Piccole bugie tra amici - la recensione del film di Guillaume Canet

05 aprile 2012
3.5 di 5

Un gruppo di amici che si ritrovano in una casa al mare, d'estate, per una vacanza che, da appuntamento fisso e routine annuale da sempre, diventa occasione per cercare di ignorare il dolore per l'amico gravemente ferito rimasto in città.



Un gruppo di amici che si ritrovano in una casa al mare, d'estate, per una vacanza che, da appuntamento fisso e routine annuale da sempre, diventa occasione per cercare di ignorare il dolore per l'amico gravemente ferito rimasto in città. Una struttura che da Il grande freddo in poi ha interessato tanti registi e spettatori. Una convivenza ravvicinata che mette a dura prova vecchi rapporti, fa uscire fuori ipocrisie, falsità, solo sopite dietro una maschera. Sceglie una struttura consolidata Guillaume Canet, conosciuto soprattutto come attore, per il suo terzo film da regista, dopo il thriller inedito al cinema da noi Non dirlo a nessuno, per cui vinse il César nel 2007. Una struttura narrativa dolce amara, in continua sospensione tra le risate e il divertimento tanto chiassoso quanto spesso forzato e l’amarezza di un gruppo di 30/40enni alle prese con una vita che spesso non riconoscono più e che “recitano” per forza d’abitudine, sembrando quasi un gruppo di attori in tournée teatrale dopo centinaia di repliche che stancamente interpretano una parte. Un film molto parlato ai limiti del verboso (e lungo oltre due ore e mezza), proprio per consentire ai nostri protagonisti di stordirsi con le parole, per non trovarsi in un assordante silenzio a dover fare i conti con le loro vite, con le loro incapacità di crescere, di amare, di affrontare con maturità le loro infelicità.

Piccole bugie tra amici
(titolo derivativo di cui non sentivamo il bisogno) è un film molto personale per il regista che ha scelto i suoi amici nella vita come protagonisti, ma ha il merito di averli “trattati male”, di averli resi personaggi talvolta irritanti, o nevrotici, in una parola umani. Al contrario di alcune commedie italiane, anche recenti, qui non si cerca la conciliazione del volemose bene, qui le ferite ci sono e possono anche portare verso una conclusione catartica e forse facilmente commovente, ma vengono suturate con il sale, dolorosamente, lasciando cicatrici incancellabili.

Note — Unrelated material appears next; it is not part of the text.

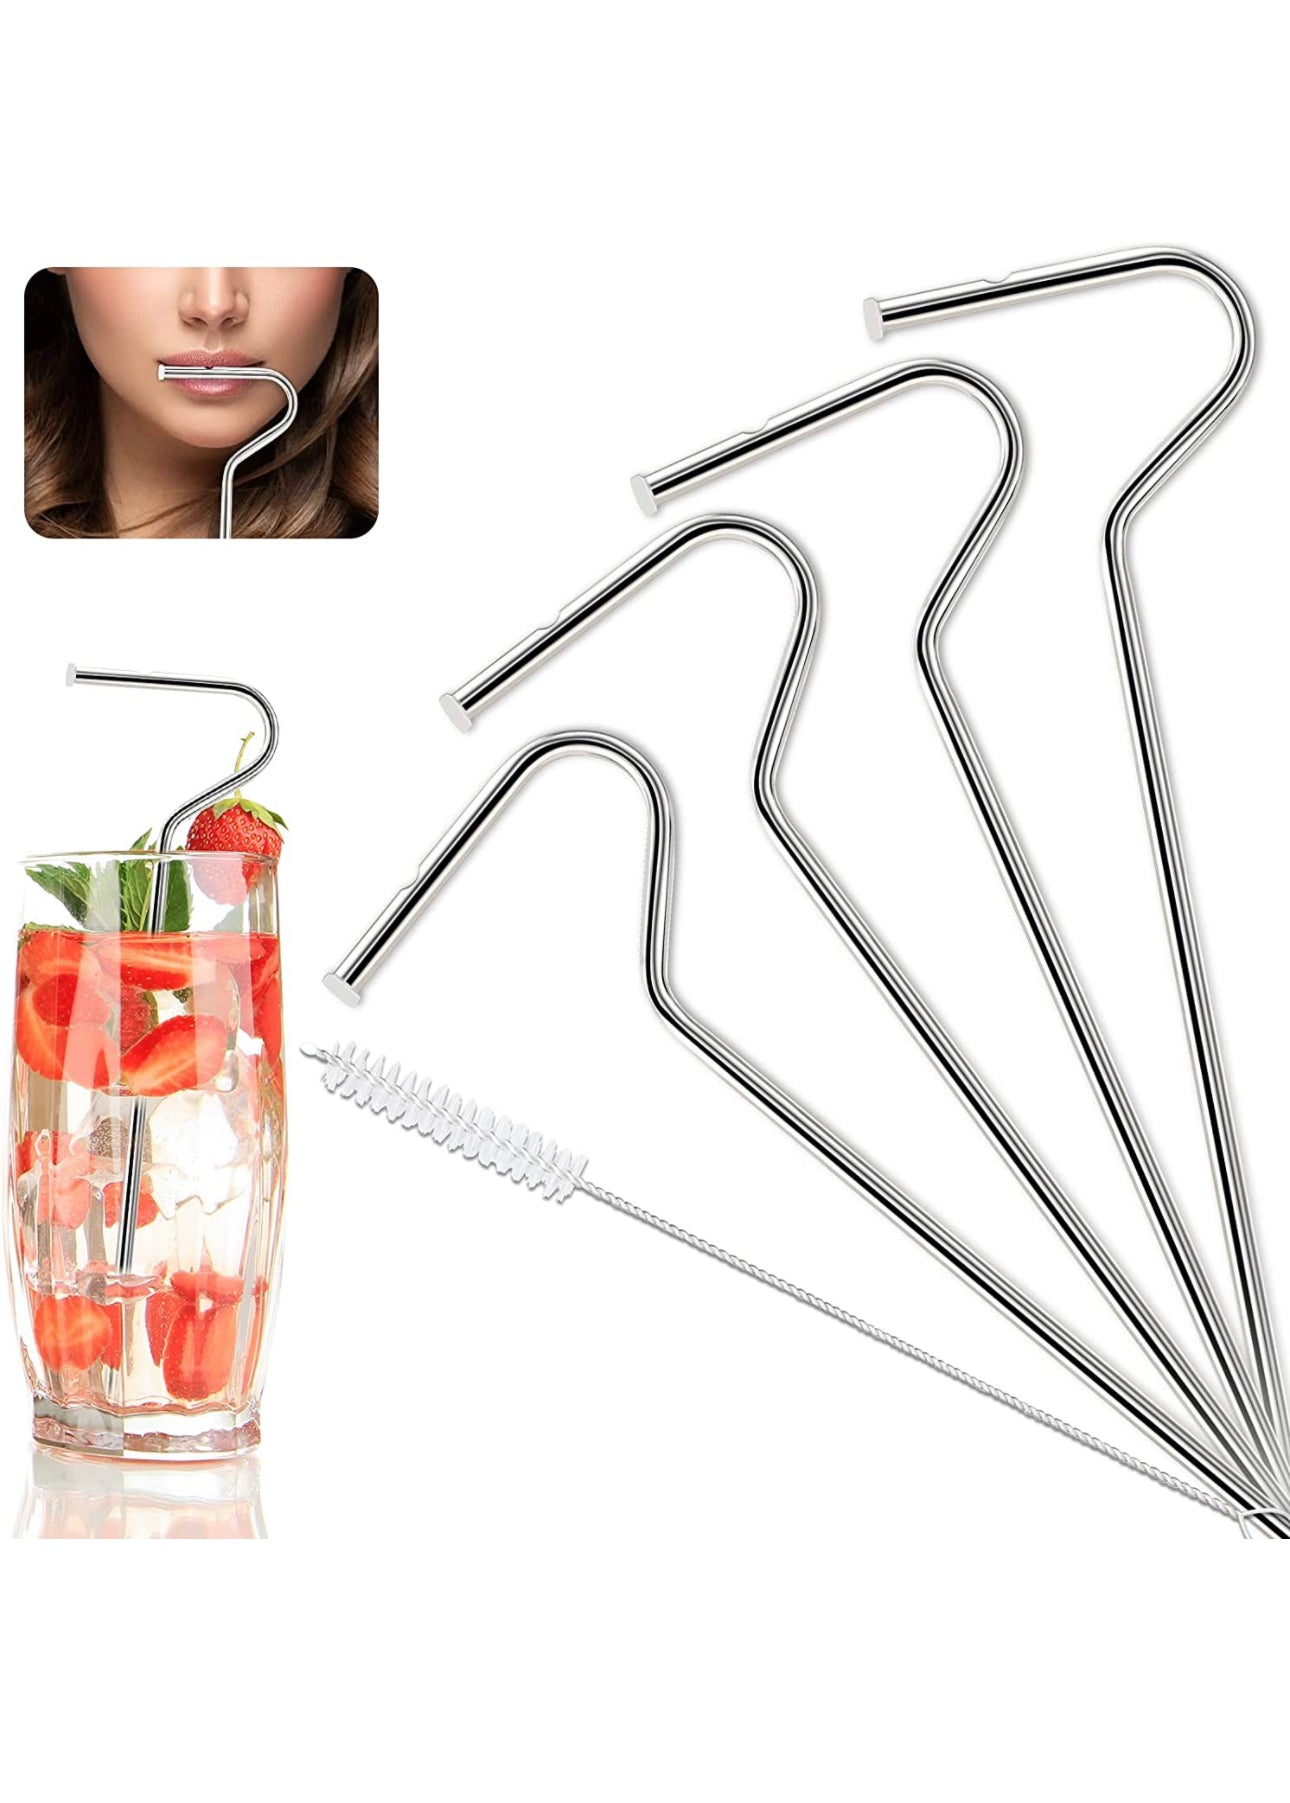 Anti Lip Wrinkle Straw Reusable Glass Drinking Straw Tiktok Anti

Un cast eccellente, su tutte
Marion Cotillard, fidanzata del regista, fragile e silenziosa, ma anche il solito ottimo François Cluzet (il paraplegico di Quasi amici via di mezzo fra Dustin Hoffman e Silvio Orlando), Benoit Magimel, Gilles Lellouche, mentre il fresco vincitore dell’Oscar Jean Dujardin ha un po’ il (non) ruolo che ebbe Kevin Costner ne Il grande freddo, immobilizzato su un letto d’ospedale. Con i loro grandi difetti e incompiutezze non lasciano indifferenti, suscitano emozioni contrastanti, brillano per sincerità e umanità. Ci si affeziona in fondo, così come nella vita si accettano lati caratteriali che non si amano in amici che si conoscono da una vita fino all’estremo di continuare a frequentarli anche solo per abitudine.